Para mim, Bruno Lage personifica o perfil de treinador do SLB que mais me agrada. Bem sei que a vida de treinador está sujeita a condicionalismos e imponderáveis que tornam demasiado arriscado prognosticar qualquer coisa para além de uns escassos meses. Bem sei que, tarde ou cedo, a ditadura dos resultados fabrica, só por si, a excelência ou a dispensabilidade de qualquer técnico, numa área tão errática, como danosamente emocional e de mera visão de curto-prazo. Mas, pondo de lado esta lógica de contingência, o certo é que Bruno Lage é uma das melhores surpresas de que me lembro na minha já longa vida de benfiquista. Bruno Lage é português. Não que isso seja uma condição necessária e muito menos suficiente, mas é sempre bom saber que o clube, que até teve uma longa tradição (a nível do plantel) de só ter jogadores portugueses, continue a apostar, a nível técnico, em técnicos nacionais.

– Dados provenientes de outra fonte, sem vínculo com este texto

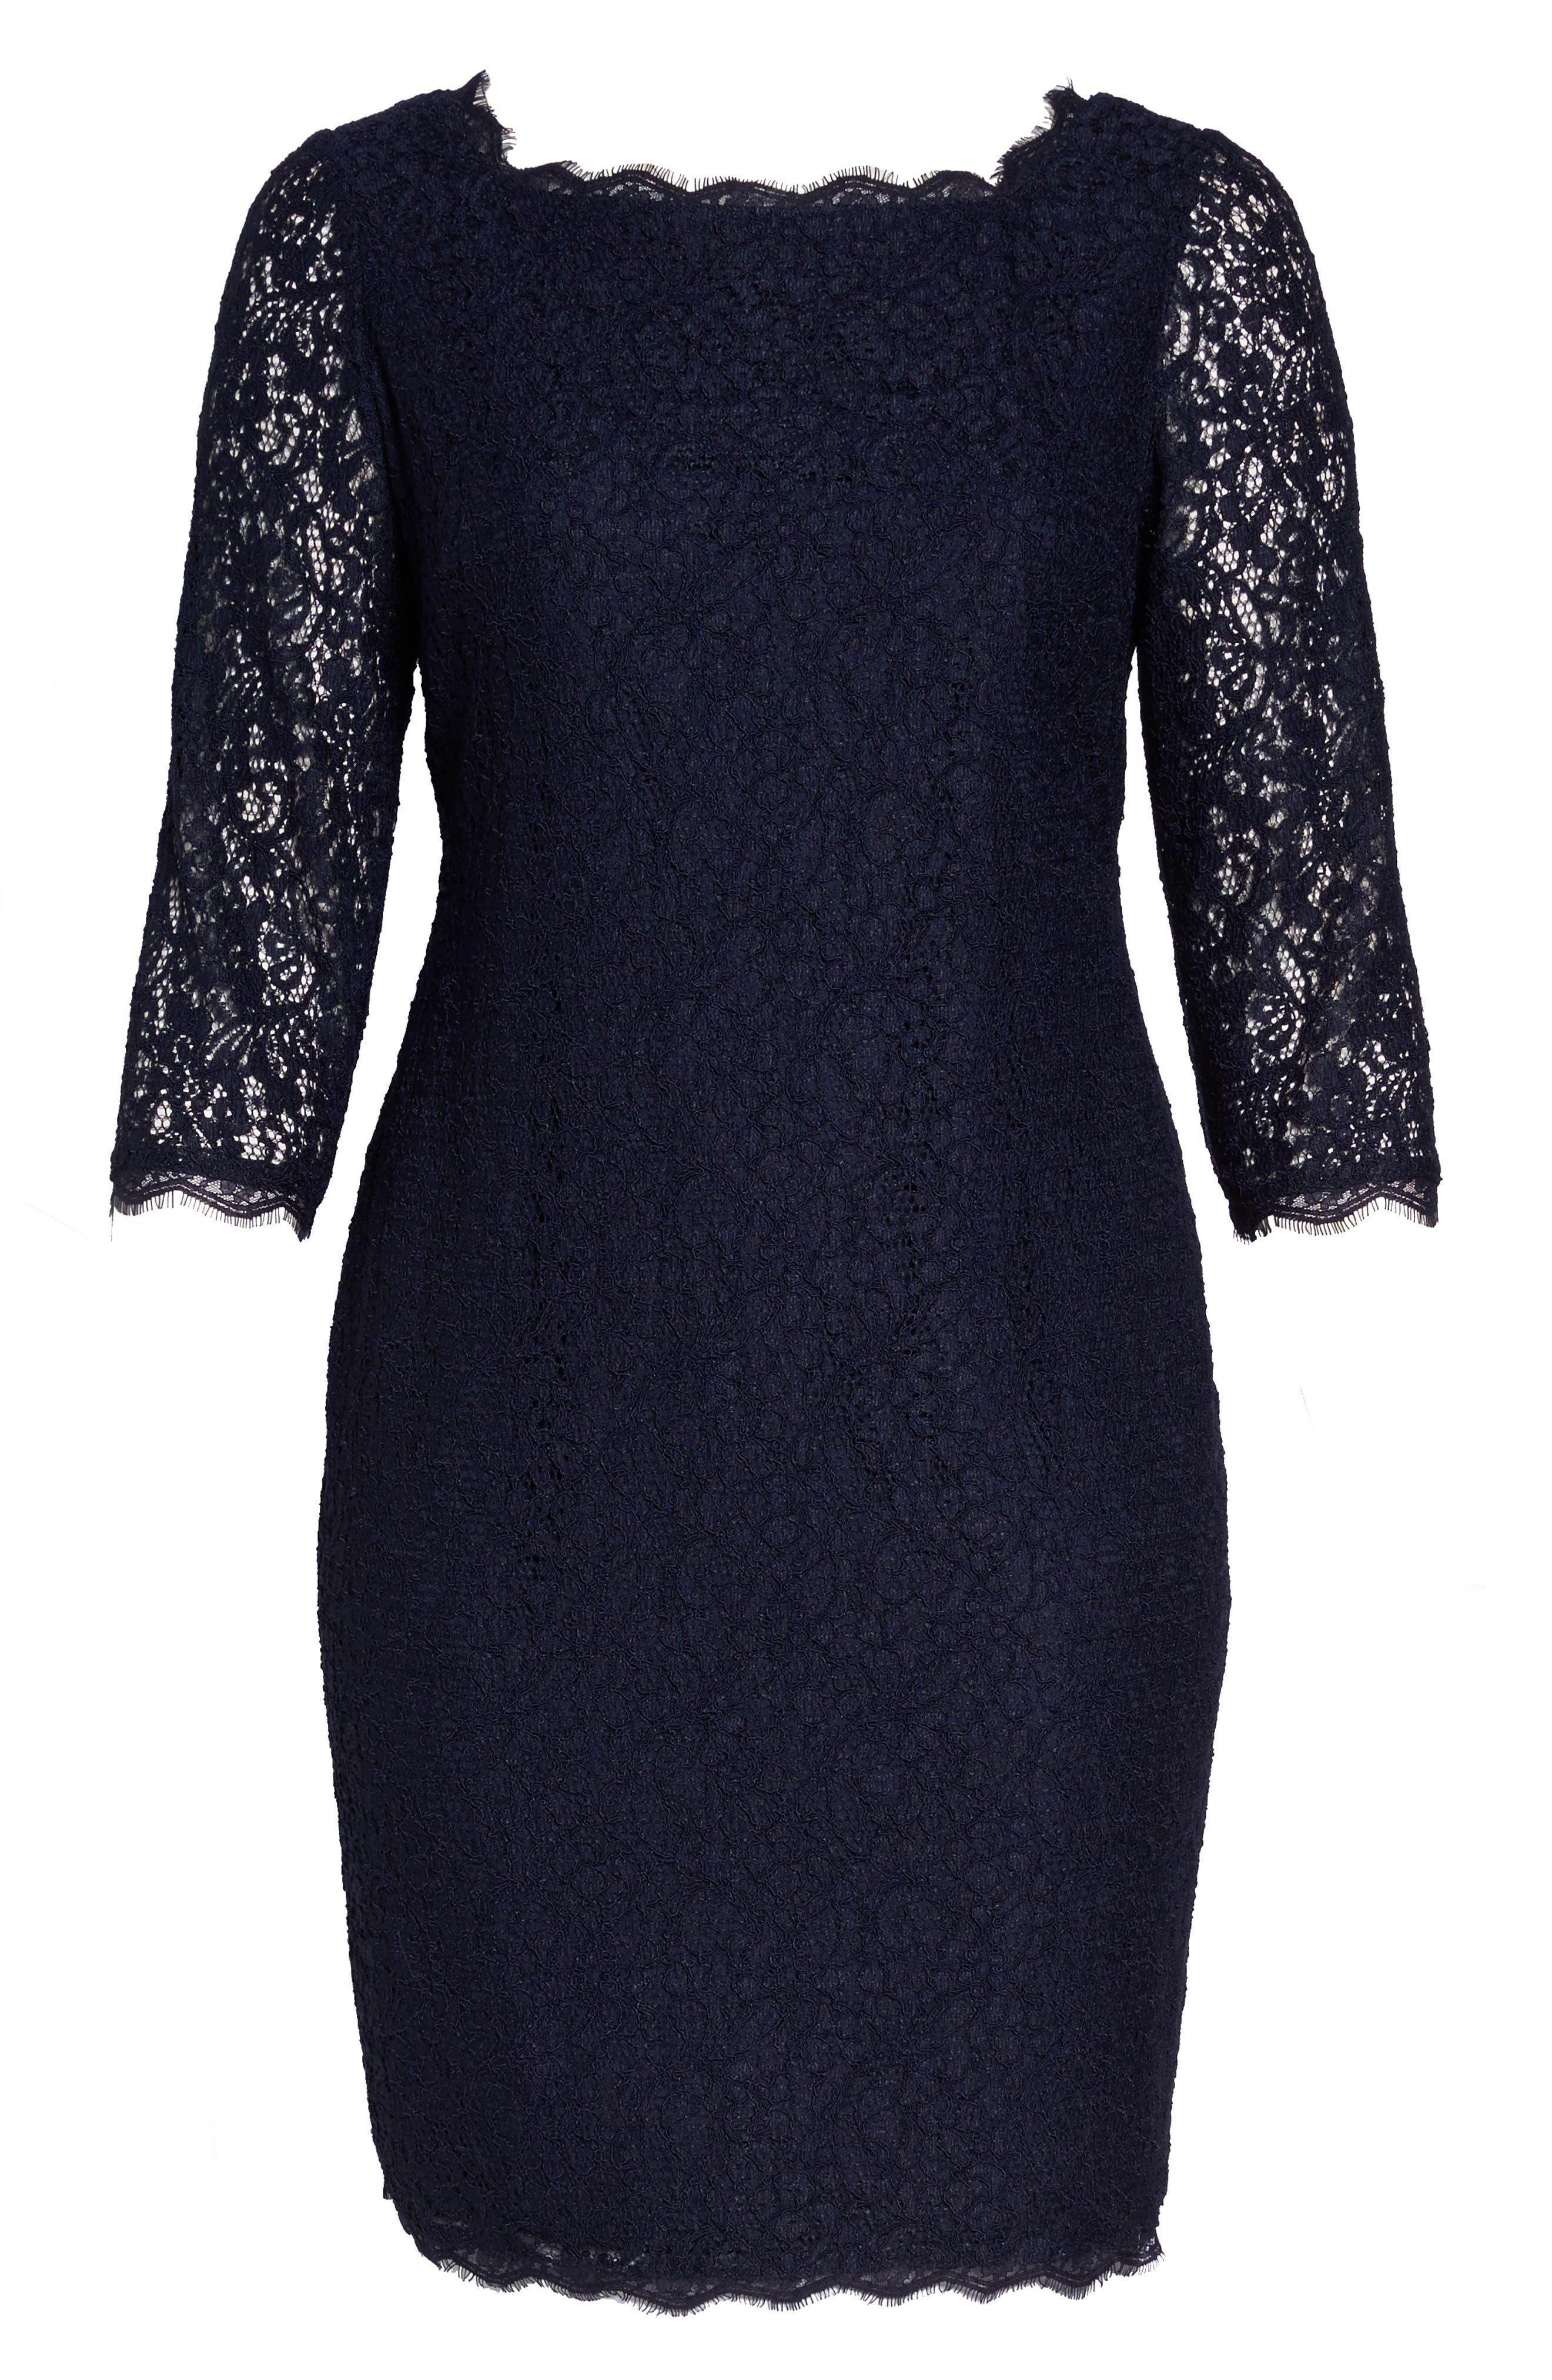 Lace Overlay Sheath Dress,                             Alternate thumbnail 6, color,                             Navy

Por vezes, dizia aos meus alunos que eles até podem não perceber o que um professor está a ensinar, mas pelo menos percebem se o professor percebe o que ele próprio esta a explicar. Uma espécie de intuição natural e que, entre vários meios de a aferir, tem na autenticidade da relação um dos seus mais fortes sinais. Lembrei-me disto para referir que uma pessoa leiga - como é o meu caso - que de futebol e de treino percebe apenas o que extrai da observação de fora, pode plenamente ajuizar se o treinador treina bem e percebe do ofício. Dois meses e meio passados desde que chegou ao comando da equipa principal, este jovem treinador encarnado provou à saciedade que tem competência no trabalho e sabedoria na liderança.

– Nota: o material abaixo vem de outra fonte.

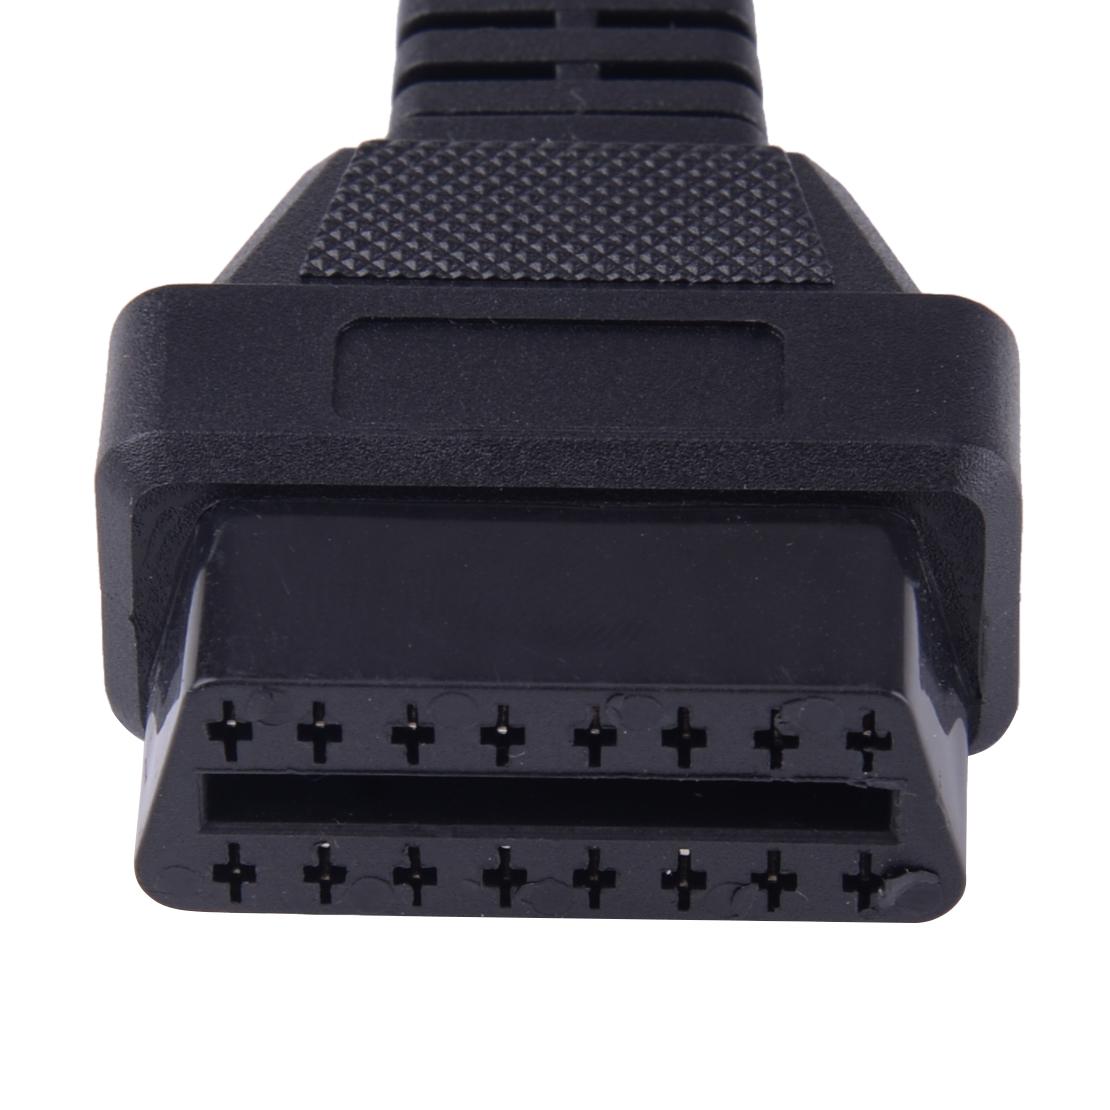 Obd1 9pin obd2 16pin Stecker Adapter Diagnose Kabel passend für Subaru schwarz

Bruno Lage é um treinador contra a corrente. É mesmo desarmante num teatro de operações feito de chico-espertismo, de balelas, de pseudo jogos psicológicos, de rodinhas com os jogadores para adepto ver, de optimismos bacocos ou de histrionismos de cara-de-pau. Bruno Lage fala de futebol, não do que anda à volta do futebol. E se até agora quase sempre ganhou os jogos, soube sempre ser senhor nas vitórias, como o foi nas poucas derrotas e empates. Não inventa desculpas para os desaires, como não incha o ego nos sucessos. Bruno Lage é até pedagógico no modo como tudo explica relativamente ao que se passa nos jogos. Não é dos que justificam o que faz ou o que diz «porque os outros também fazem assim ou dizem assado». Não alimenta querelas estéreis, nem perde tempo com perguntas que passam ao lado do jogo jogado. Bruno Lage não faz do futebol um mistério ou uma ciência oculta, antes se concentra no valor profissional, humano e ético do trabalho. Não precisa de andar aos saltos, gesticular freneticamente ou gritar numa concorrência de decibéis. É comedido na alegria e lúcido na tristeza, não se deixando inebriar ou deprimir pelo carácter efémero de uma e de outra. É audaz no que significa de coragem e de uma certa irreverência, mas não é imprudente quando avalia as suas acções. Decide não pela fantasia da impossibilidade, mas pela probabilidade calibrada pela sabedoria dos limites. Não é um treinador instalado, nem se apresenta como um catedrático da bola. Como ele disse, são os jogadores que estão a contribuir para que ele seja hoje melhor treinador do que ontem e amanhã do que hoje.


Às vezes, as escolhas de um treinador são orientadas em nome da fama e pela fama do nome, nem sempre com os melhores resultados. Desta vez, a escolha incidiu no melhor dos critérios, que não o do renome construído ou inventado. …Em boa hora, Luís Filipe Vieira teve a segunda luz: a de escolher Bruno Lage. Afinal, a solução estava dentro de casa. Neste caso, houve uma segunda oportunidade para fazer uma excelente escolha. E digo-o sem hesitações, seja qual for o resultado final nesta luta ponto-a-ponto que Benfica e Porto vão ter nas próximas e decisivas oito semanas.